Im with B on this one.

I'm pretty judgemental for the most part, and I find I'm wrong a lot about it.
 
Just go buy a few ounce's of crack, slip it in HIS car with some baggies and call the cops...


Done.
 
Just go buy a few ounce's of crack, slip it in HIS car with some baggies and call the cops...


Done.


nah thats not the point she is mad at him cuz he has her son an they are living with the guys ex....which she heard alot of shit...and she doesnt wants her son being around this gurl.
 
well the bottom line i think is what your feeling is normal but your just gona have to get over it, theres no crime in what hes doing but i understand where you are comming from
 
I have a sister that went through more shit from her ex than anyone here would know about...simple solution, to get the kid back, have the other guardian caught with drugs in their possession, and the courts work faster for some reason.
 
well, he does already have a box where he keeps certain substances that shall remain nameless.

you are right, B. But, having said that, her being around my son is concerning. Do I set up a 'date' for all four of us to get together and talk so I can see what she's like? Dave has already met Artie. He doesn't like him, but I can see why. He doesn't bring it up, but then again, he's not an ex of mine so he hasn't heard about all his faults or shortcomings. I just don't know how to handle the situation. Reality here is I have 2 people to talk to. One is at work and if I told him about how I feel and how it's causing me a heart attack he'll probably end up in the hospital with a panic attack, stressing out his already malformed heart. The other is my mother/father (yes, they're like one person) but my father is about to go in for blood tests to see if he can have his bypass redone and I don't really want to bother him with this either. It seems like all this shit is coming on me at once, and yes, part of it is I feel helpless. The other part of it, is I feel out of control and it's driving me bonkers. It may seem that I'm just tryiing to complain and make the world feel sorry for me. Truth is, maybe that's half true. I know I will get over it. But, for right now, I feel okay with just feeling these feelings even if it's all a waste of time or even if it's doing me no good.
 
I have a sister that went through more shit from her ex than anyone here would know about...simple solution, to get the kid back, have the other guardian caught with drugs in their possession, and the courts work faster for some reason.

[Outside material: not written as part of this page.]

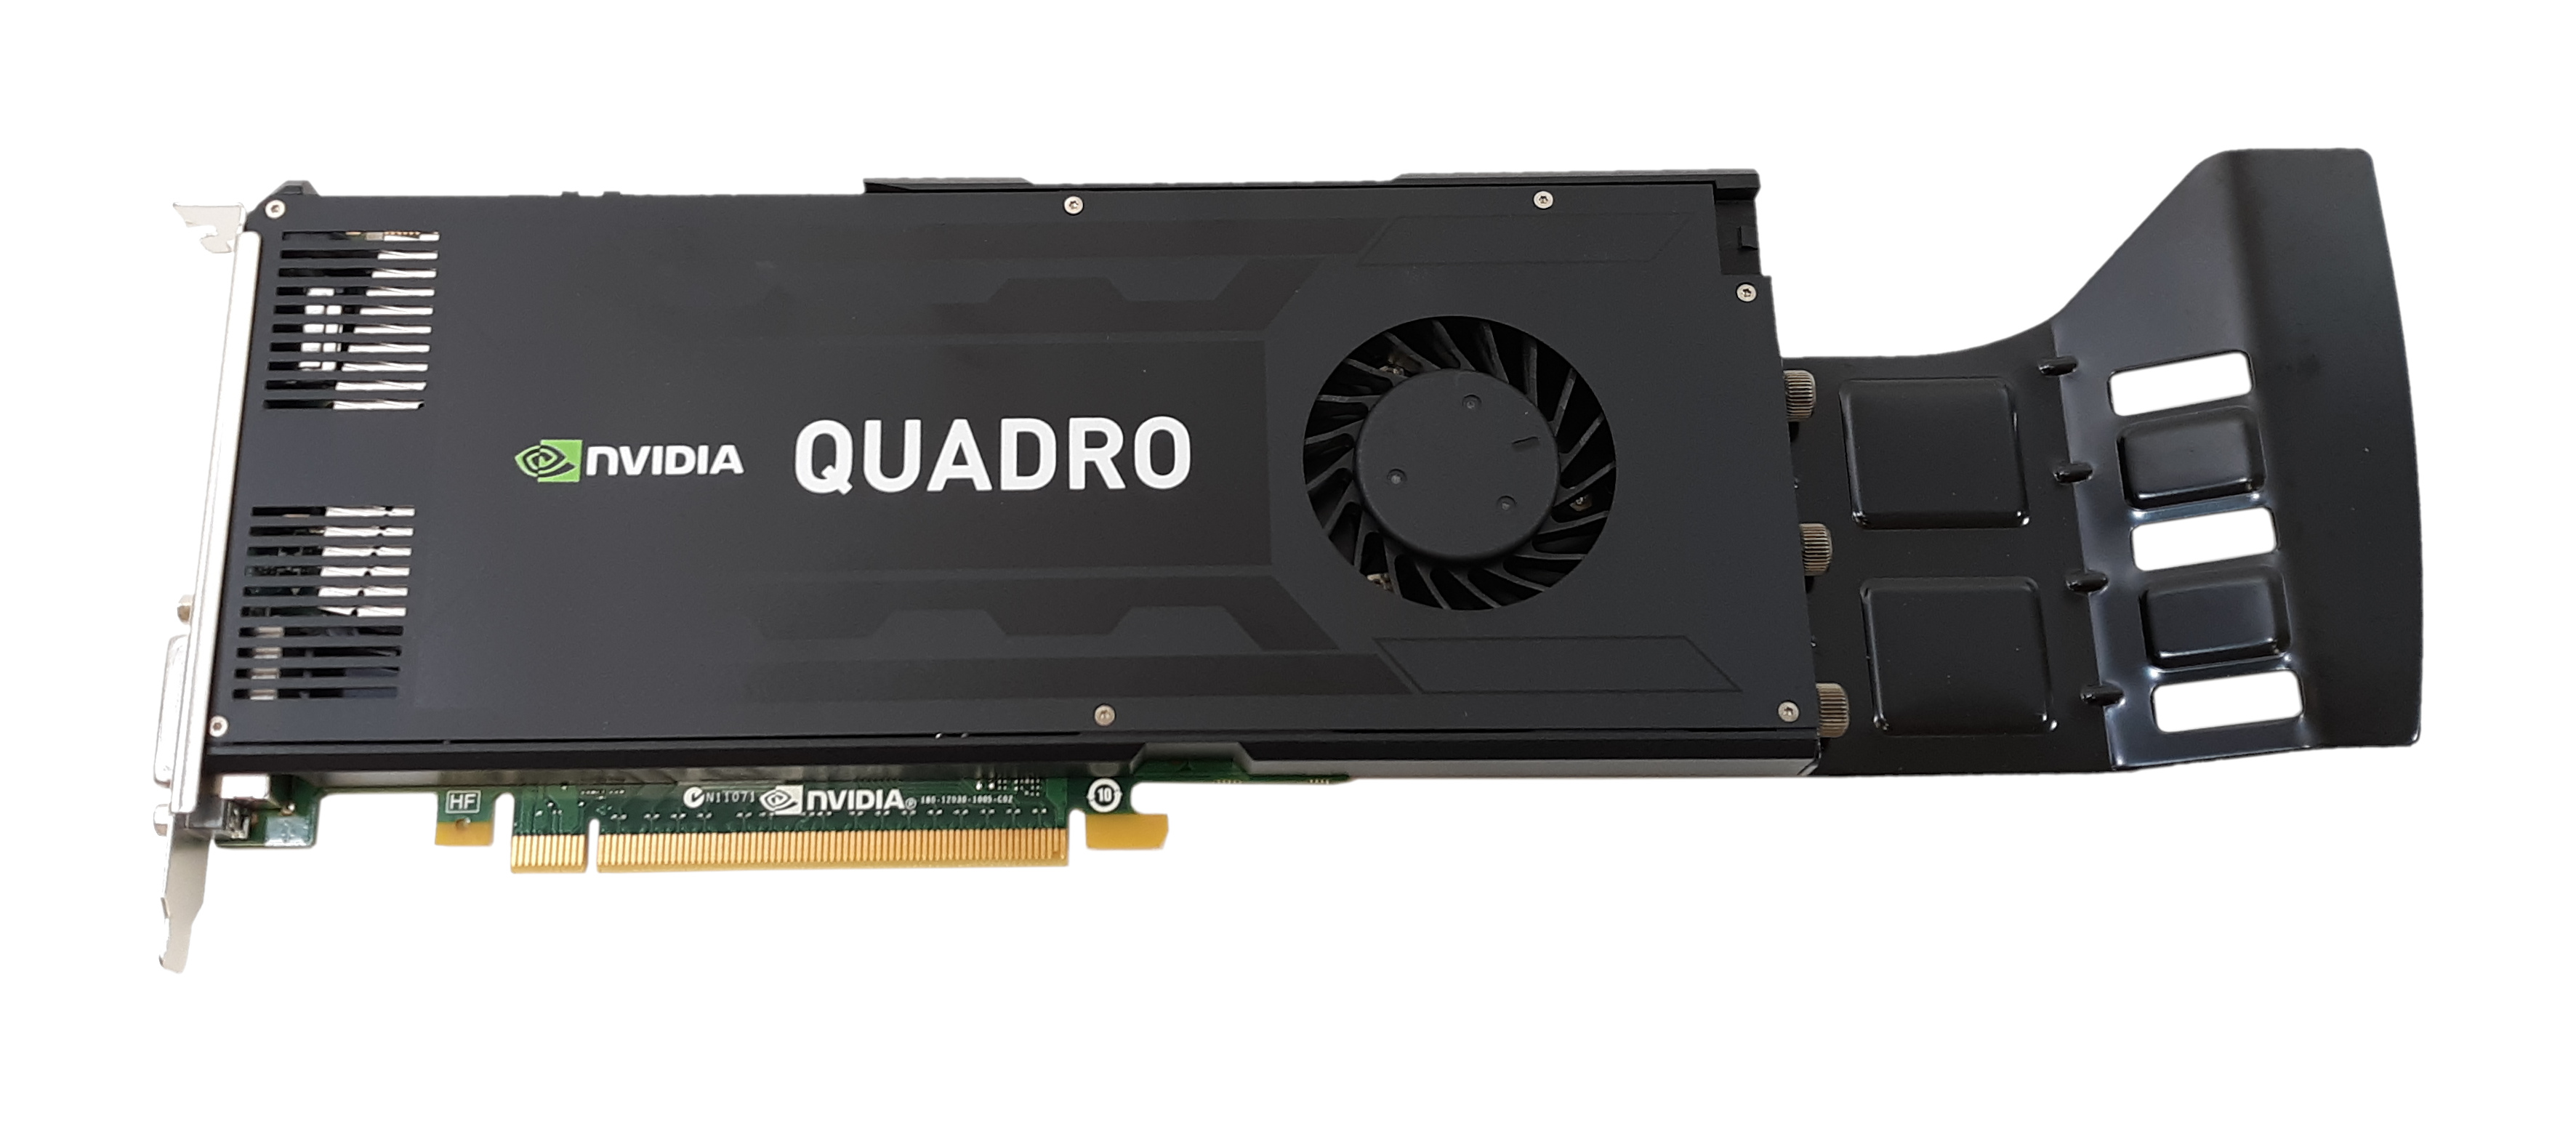 HP nVIDIA Quadro K4000 GPU 3GB PCIE x16 2xDP/DVI 700104-001 713381-001 C2J94AA - Click Image to Close

^^^^^i can tell u have some experience in thi topic lol...:rolleyes:
 
come u dont want to hurt dave ...moreover he is your little son father...u just want to have the kid near you but u are frustrated cuz u cannot..also u say that u dont want that gurl be near your son...so the answer its easy..just tell dave to get another instead his ex...
 
I do want to hurt him. He hurt me. But, I'm guilty of allowing that to happen. I don't want him dead. But, I won't hurt him because I'm not like that. Doesn't mean I don't WANT to. ;) It's just when my 5 year old comes to me telling me he's not happy, that bothers me. He needs to change some things. If he won't, then I'll make sure the court does.

Anyway, /thread. Delete it. I shouldn't have made it.
 
why is your son not with you if yall have not went to court yet
 
if I really hated a person....I mean hate.....so much hate that I would want to kill the guy....I have ways to do it and stay clean....like if someone raped my wife...and I found out who is is...no matter if he's the governors son...he would go down.

Honda's have an apparent weakness against license plates stuffed in the window sill to push the door lock to the open position...wear latex gloves and then no fingerprints. Open door, and stash said drugs with baggies, also have some of the baggies filled to street values, and place them in the glove box, under the seat, under the carpet...etc...drug dogs can find them anywhere.... hint hint. Then follow him or learn his route for commuting to work, when he/she passes with-in 1500 of any school, then note the time that they pass there.... then time the call to the police station saying that you noticed a drug deal happen near a school on a cell phone that you picked up from a bar the night before that some drunk didn't notice missing....

done.
 
FWIW....I was ready to slice my ex-wifes throat, and 6 other innocent people in the bar when she said that she....well...it was years ago, I let her live...and I got back on my feet the hard way...now I'm a happy person........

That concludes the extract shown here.